Case Comment: Michael J Lonsdale (Electrical) Limited v Bresco Electrical Services Limited (In Liquidation) [2018] EWHC 2043 (TCC)

Articles
14 Sep 2018

Can an adjudicator have jurisdiction over claims for sums owed to a referring party in liquidation? The TCC has decided in Lonsdale v Bresco that insolvency set-off precludes adjudication of such claims.

Background

Bresco had agreed to perform electrical installation works for Lonsdale in August 2014. Those works were not completed and both parties alleged wrongful termination. Bresco later became insolvent and entered into liquidation in March 2015.

The present case concerns a Part 8 claim brought by Lonsdale against Bresco seeking (i) an injunction to prevent the bringing of an adjudication and (ii) a declaration that Bresco’s liquidation extinguished the claims it relied upon in the adjudication.

The key issue, as framed by Fraser J at paragraph [22], was ‘whether a company in liquidation can refer a dispute to an adjudication when that dispute includes determination of a claim for further sums said to be due to the referring party from a responding party.’

Decision

Fraser J held in favour of Lonsdale and granted the injunction and declaration. It was held that an adjudication could not be brought because the claims relied upon by Bresco could not be capable of separate enforcement after liquidation.

This resulted from the operation of r 14.25 of the Insolvency Rules 1986 which provided for the automatic set-off of mutual dealings between a company and a creditor upon liquidation of the company. The effect of that set-off, following Stein v Blake [1996] AC 243, was that claims for sums due from Lonsdale to Bresco and vice versa were set aside by a new claim that arose for the net balance.

As Fraser J noted, it was unnecessary for him to determine the conceptual issue as to whether those claims were totally extinguished by the set-off or whether the underlying rights persisted. It was sufficient that the claims were no longer capable of separate enforcement.

As for the new claim that arose for the net balance, it did not fall under the jurisdiction of the adjudication. This was because the claim for the net balance did not result from a dispute arising under the contract but rather from a dispute arising in liquidation.
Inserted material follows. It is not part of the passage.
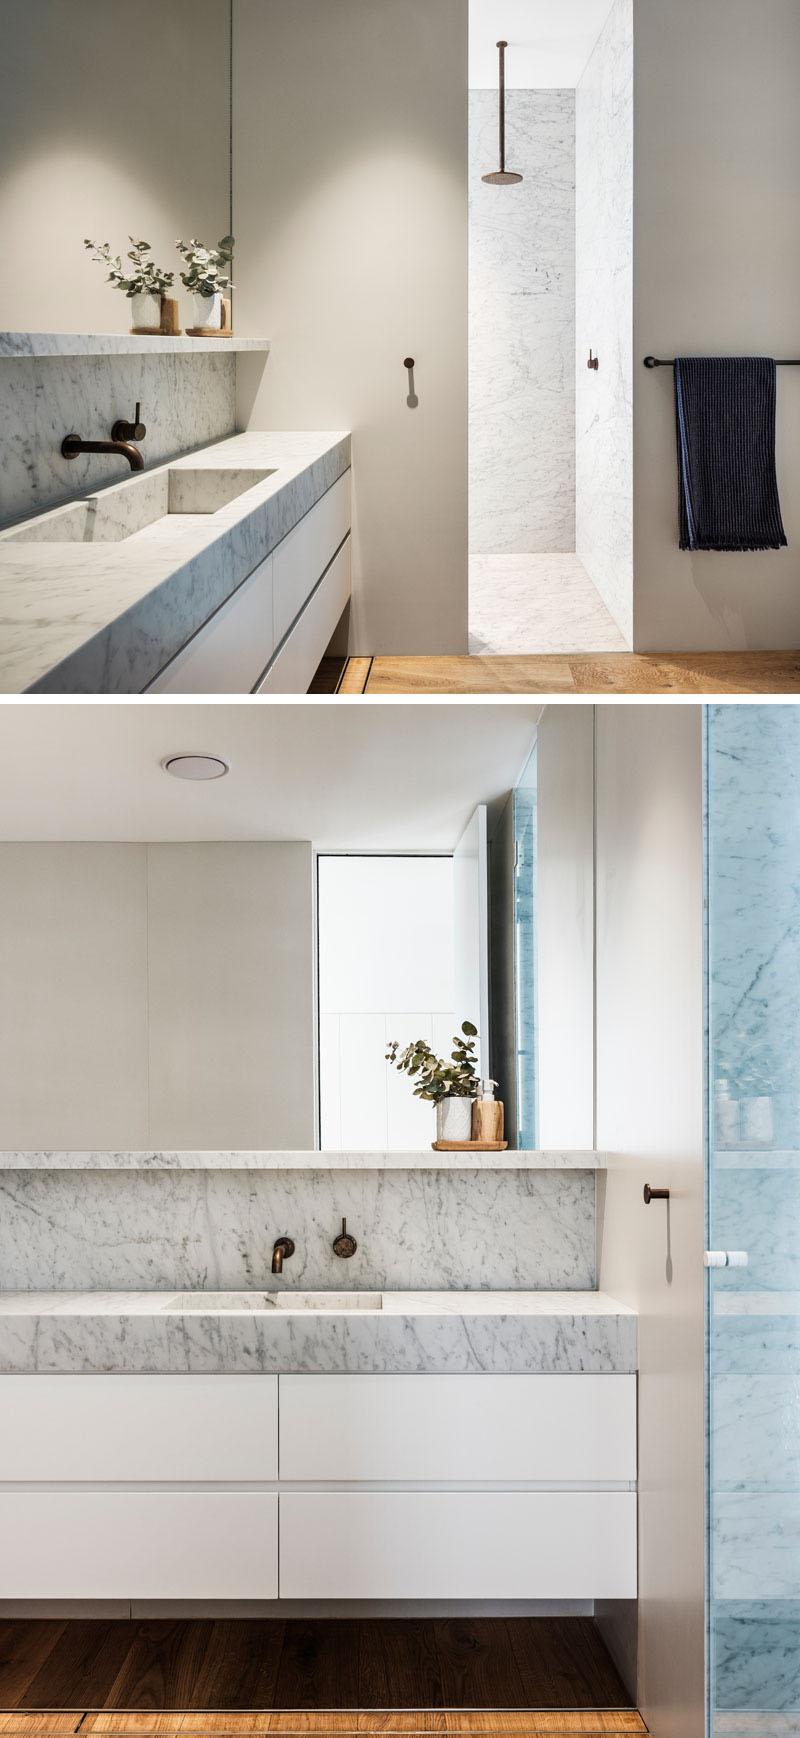 Второй дом в Куги, Австралия, от компании «Madeleine Blanchfield Architects»

As noted in the case, ‘many liquidators across the country regularly refer disputes to adjudication either separately to taking the account under the Insolvency Rules, as part of taking that account, or as practical steps to determine disputes between the company in liquidation and its counter-party to construction contracts.’ Following the decision in Lonsdale, it is now well established that adjudicators should resign if called upon to determine claims subject to set-off.